Today, the theme of the week was surprises. I’ll look at two buzzy theatrical films (though not buzzy for the right reasons), Netflix’s latest big straight-to-streaming film and their latest sitcom, a famous director’s latest film miss, a Disney+ surprise, all the flops, bombs and misses, and a whole lot more. But we start with two shows that wowed me with how well they did, and one that surprised me in the other direction…
(Reminder: The streaming ratings report focuses on the U.S. market and compiles data from Nielsen’s weekly top ten viewership ranks, Luminate’s Top Ten Data, Showlabs, TV Time trend data, Samba TV household viewership, company datecdotes, and Netflix hours viewed data, Google Trends, and IMDb to determine the most popular content. While most data points are current, Nielsen’s data covers the weeks of June 2nd to June 15th.)
Television – Two Big Hits and 3 Misses/Disappointments
Two shows genuinely surprised me with how well they did this week…while one other show surprised me with how poorly it did. So let’s start with the good news.
Two Big Hits
Don’t get me wrong: I love melodramas like Netflix’s Ginny & Georgia. I think you can build a streamer around melodramas, though you won’t get as much positive press as you do with prestige TV shows. In particular, I think Disney should embrace this genre for Hulu, using it to appeal to the presumed moms of the kids using Disney+, even if it means sacrificing awards buzz.
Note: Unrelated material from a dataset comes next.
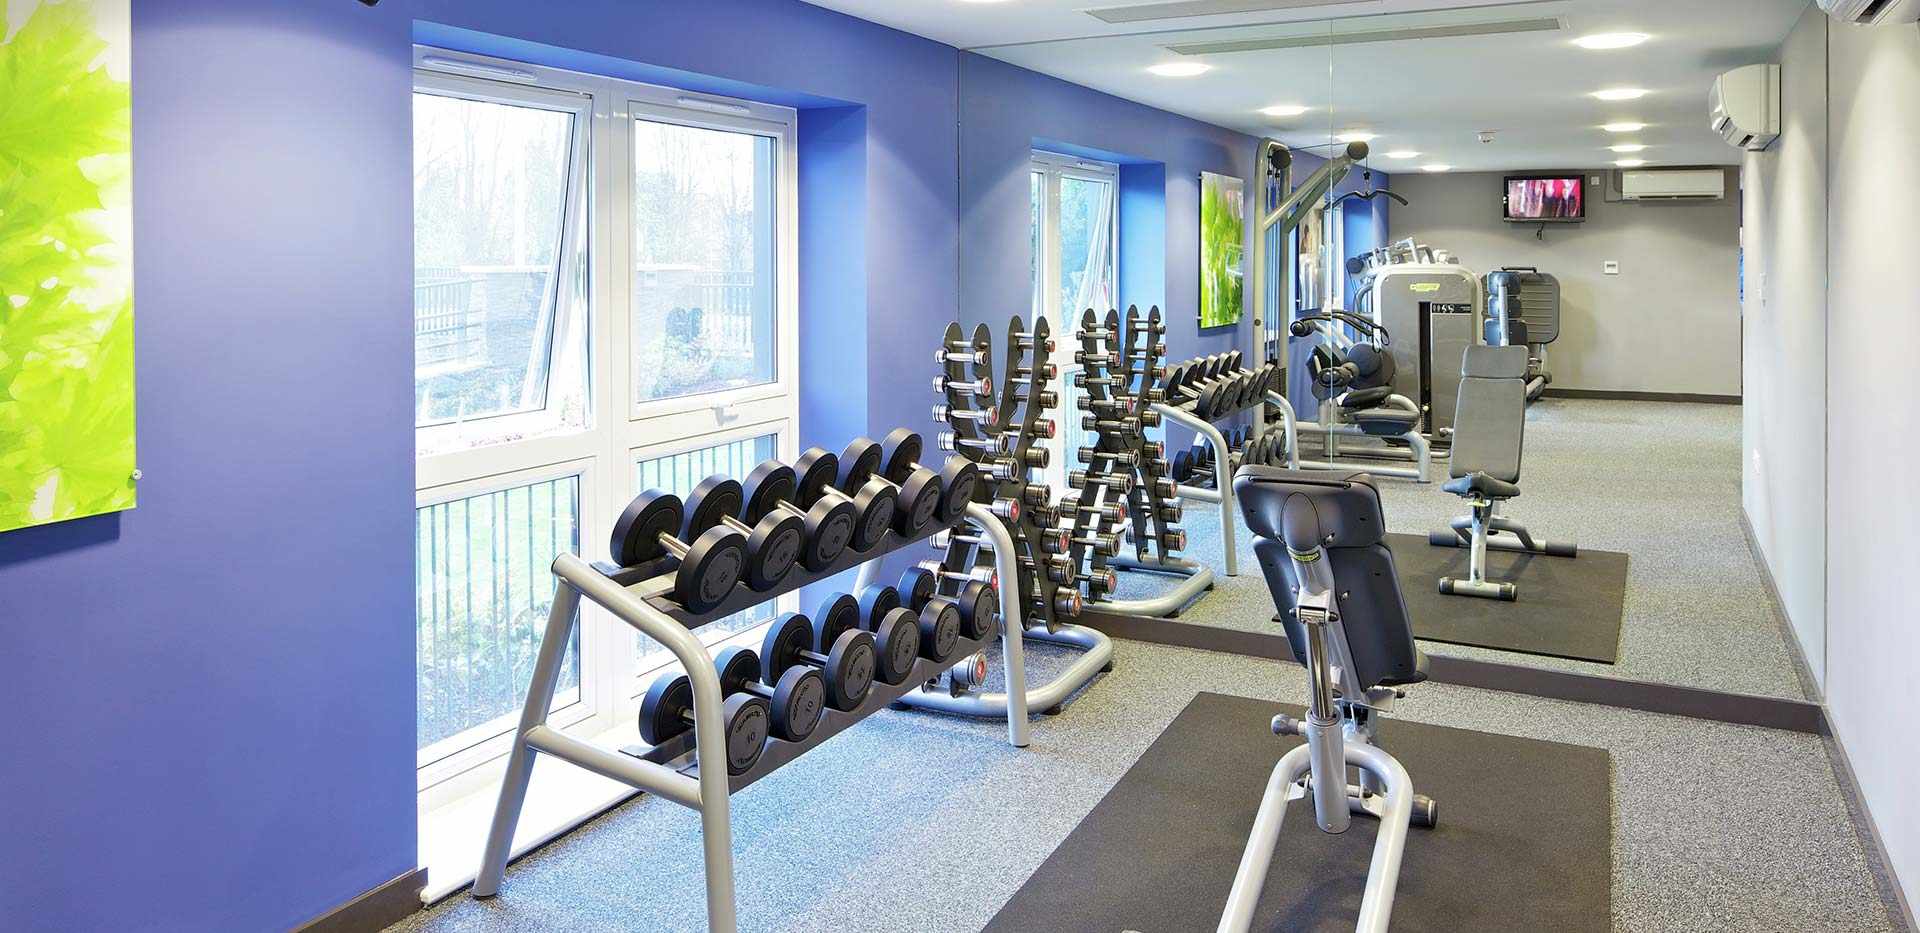 St Edward, Stanmore Place, Residents Only Gym, Equipment, Residents Facilities

For now, Netflix seemingly owns (owned?) this genre. (I wrote “has” because a key executive who shepherded some of these projects left a few years back.)
Still, with all that love for this genre, Ginny & Georgia surprised me at how well it did…
Yeah, Ginny & Georgia’s third season managed to get over 40 million hours two weeks in a row, good for the 40th and 41st best single weeks since 2021. Those are monster numbers.
It got up to 55 million hours on Luminate, and Samba TV had it doing 1.4 million unique households in its first four days, and it climbed to the second and third spots on Samba TV.
Here’s the next surprise: Love Island USA on Peacock keeps getting stronger each season, with the latest season debuting at 12.9M hours and then climbing to 18.2 million hours on Nielsen. (Interesting data note: the first three seasons of Love Island USA stream on Hulu and Paramount+. Nielsen told me that the bulk of the viewing for this series, though, is on Peacock, so I have it classified as “Peacock” on the charts.)
On Luminate, this one got all the way up to 28.3 million hours. It also gets up to second place on Samba TV, so all the data sources agree this one is a legit hit, and it’s growing its audience over time.
The only caveat is that it has new episodes coming out daily, so looking at it by “views” would probably move it down the charts, but for Peacock, a third-tier streamer, anything that’s increasing time on platform is a win.
Again, I love the pitch for this show and have recommended that some enterprising streamer (especially Netflix) should embrace a daily Big Brother-type show or a reality show with live streams, but it’s genuinely surprised me how much Love Island USA has grown.
Three Notable Misses
Sometimes a show is soooo notable I have to check twice to ensure it really missed all the charts.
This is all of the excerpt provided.